## Collected material
-------------------------

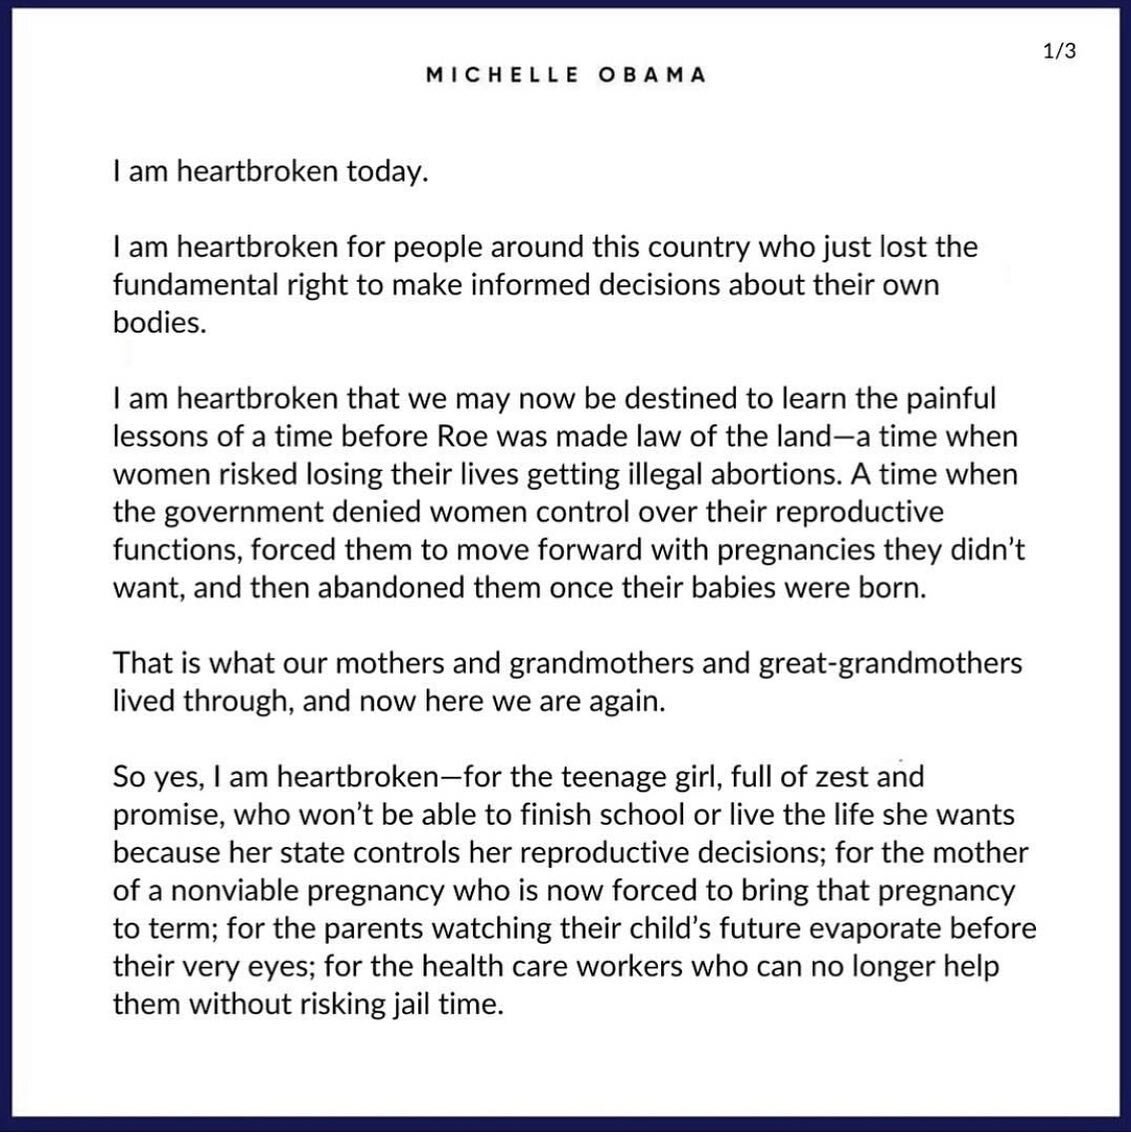 This post from Michelle Obama&rsquo;s is a guiding light for hope. 
Today I feel the pain for myself and others who are again told that their bodies aren&rsquo;t their own, that their rights don&rsquo;t matter, that their suffering doesn&rsquo;t matt
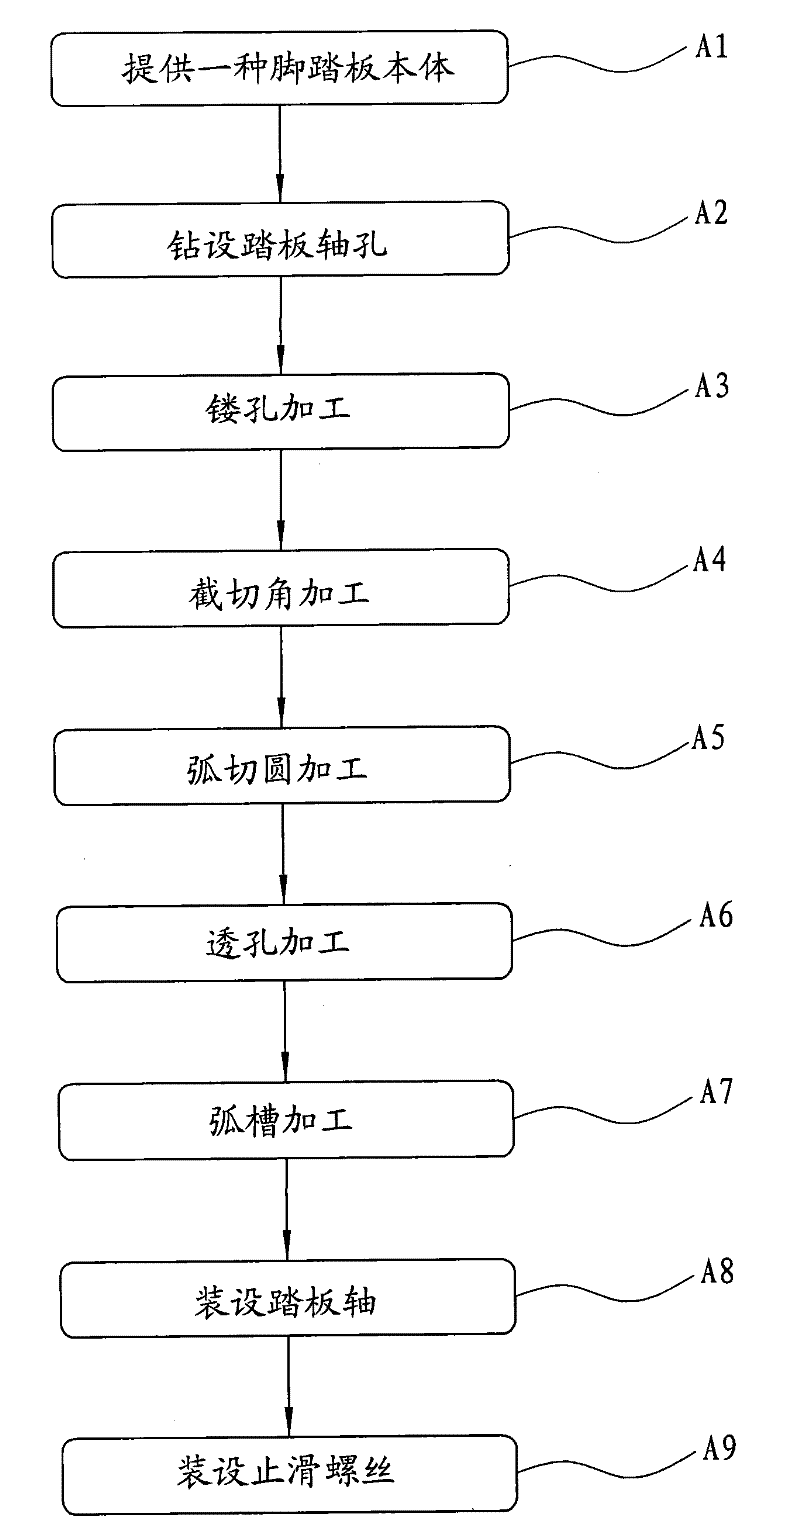 Pedal capable of improving stepping efficiency and manufacturing method thereof

-------------------------

## To do
Exact reproduction is required for the lines from the one containing "Today I feel" through the end of the material, and for those lines only, without pictures.

## Answer to the exercise
Today I feel the pain for myself and others who are again told that their bodies aren&rsquo;t their own, that their rights don&rsquo;t matter, that their suffering doesn&rsquo;t matt
 Pedal capable of improving stepping efficiency and manufacturing method thereof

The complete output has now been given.